Of course, people who are living hand-to-mouth and trying not to run through whatever wage they have before the next payday do not have the option of setting aside significant sums each month. Clearly, wealth management only becomes a topic worth considering when you have at least some reasonable level of surplus to invest. That is just one of those hard facts that we have to live with.
Shona Lowe, financial planning expert at abrdn (formerly Standard Life Aberdeen), points out that DIY investors run a huge risk. It takes a lot of experience and commitment not to be bounced around by market turbulence she warns. It is all too easy for an investor to take fright when markets fail to perform and to cash out a loss-making position. Doing this simply crystalises the loss, she points out.
Inevitably, what happens next is that when the investor sees the same shares going back up, they buy in again at the higher rate. This traps them in the ‘sell-low, buy- high’ syndrome which just destroys value. Trying to time when to enter and exit markets is hugely difficult and even the best can get it wrong, she says.

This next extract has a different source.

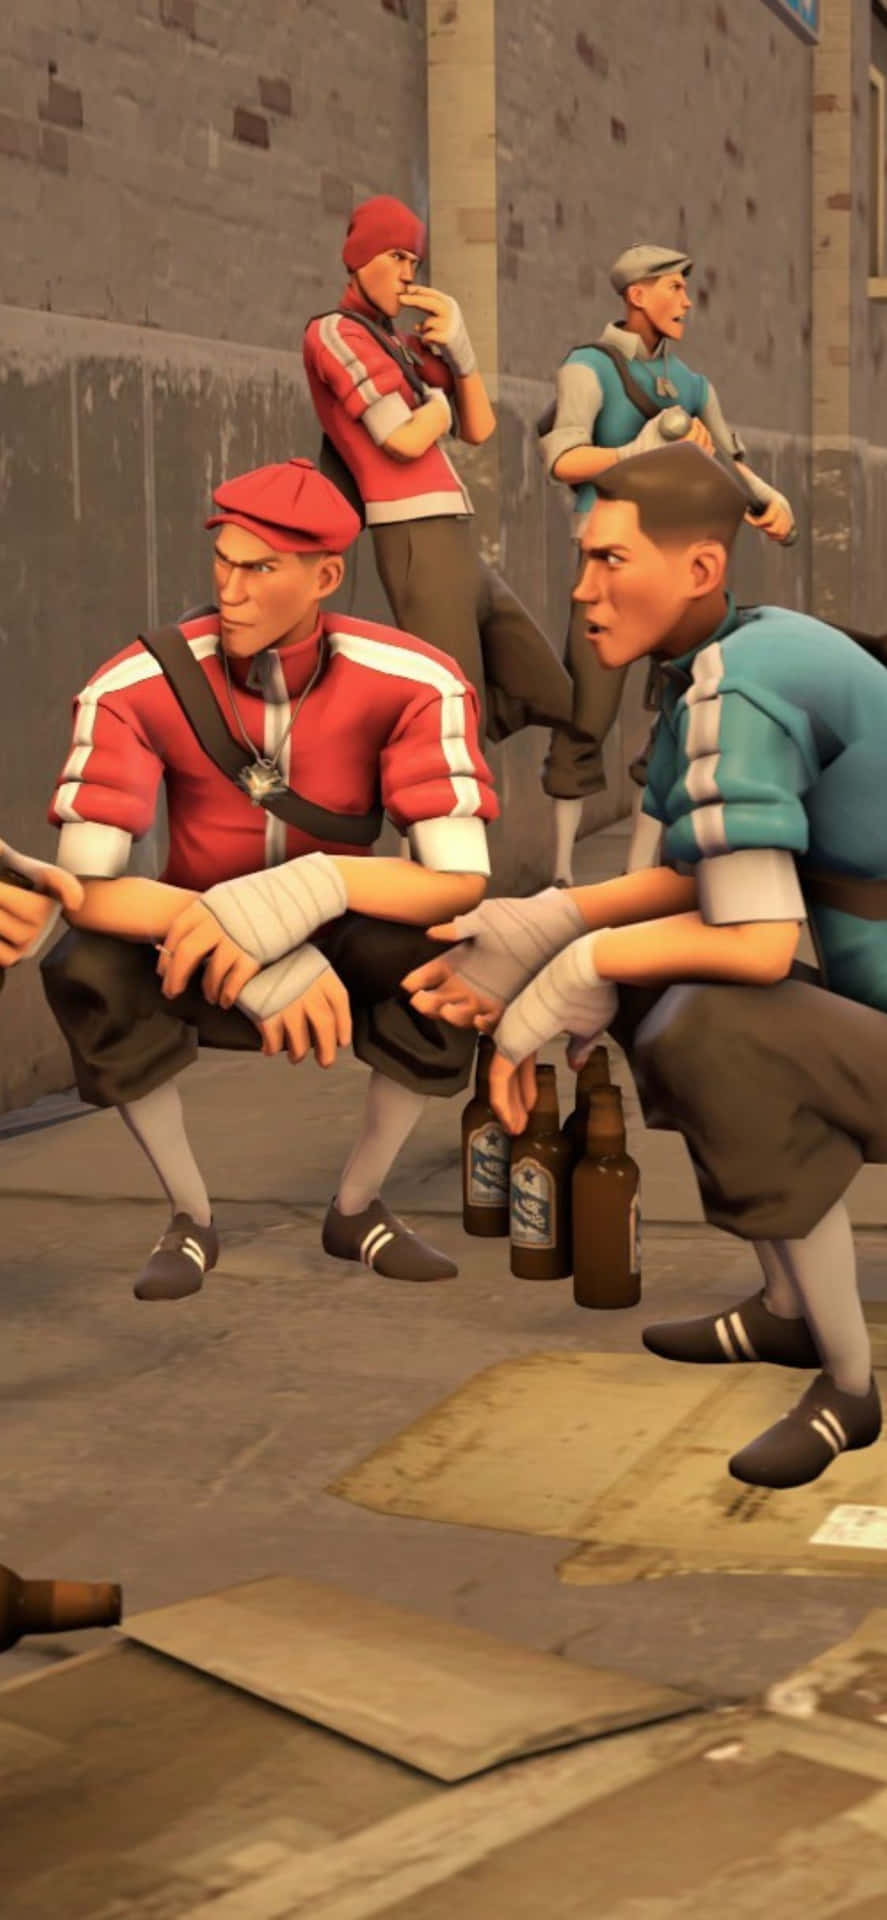 Dive into Team Fortress 2 with the ultimate gaming smartphone
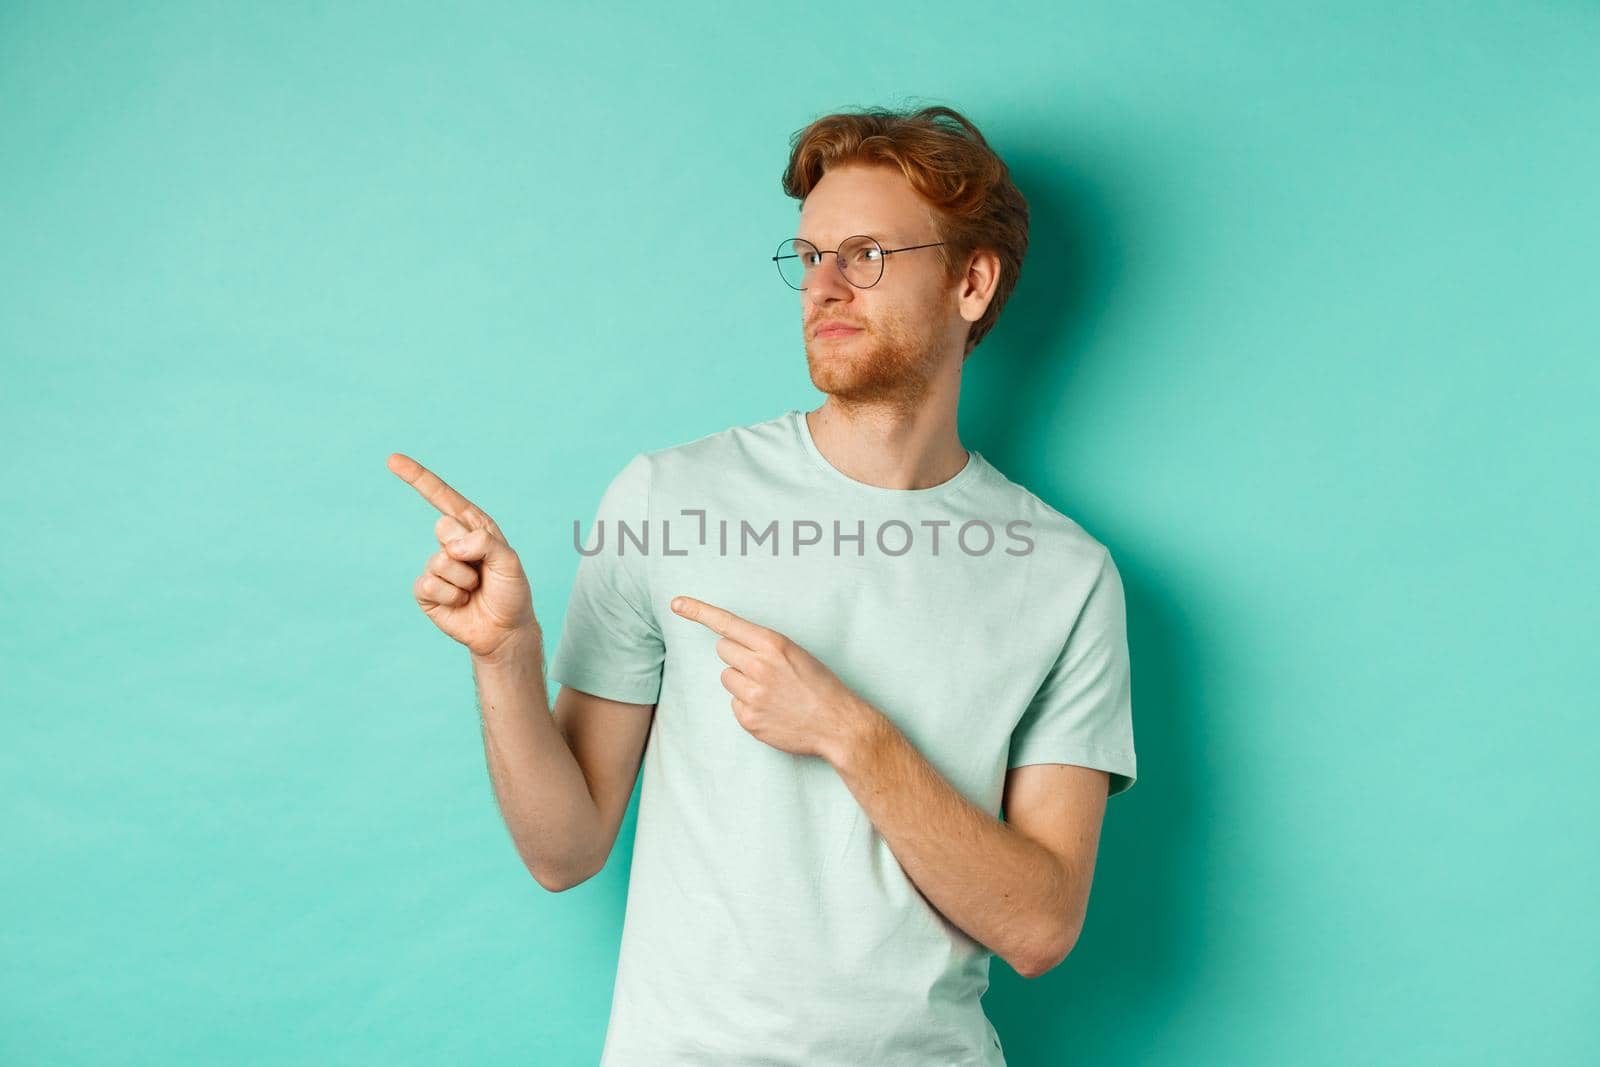 Skeptical caucasian guy with red hair and beard, wearing glasses and t-shirt, looking and pointing left disappointed, judging something bad, standing over mint background.

Any long-term investment plan, Lowe argues, must begin from a sound understanding of what the objectives are that the plan is being designed to meet. This is where the modelling of what a client’s income, costs and goals are likely to be as they approach retirement is so important.
It’s not about sticking a finger in the wind and taking a guesstimate as to how much money you might need for your monthly expenditure when you hit 65 or 70, she notes. You need to have a realistic appraisal done that can be revisited from time to time to see that it still makes sense as you progress over time towards your goals.
When you know how much you are going to need, it is about taking a sober look at your capacity to save and the asset structure that you currently have. From there a financial planner will be able to suggest a balanced investment approach that matches whatever level of risk is sensible for that particular investor.
Lowe points out that a person’s ability to take on risk tends to shrink as they approach retirement. This is for the simple reason that the closer you get to retirement, the less time there is for your investment portfolio to recover from losses.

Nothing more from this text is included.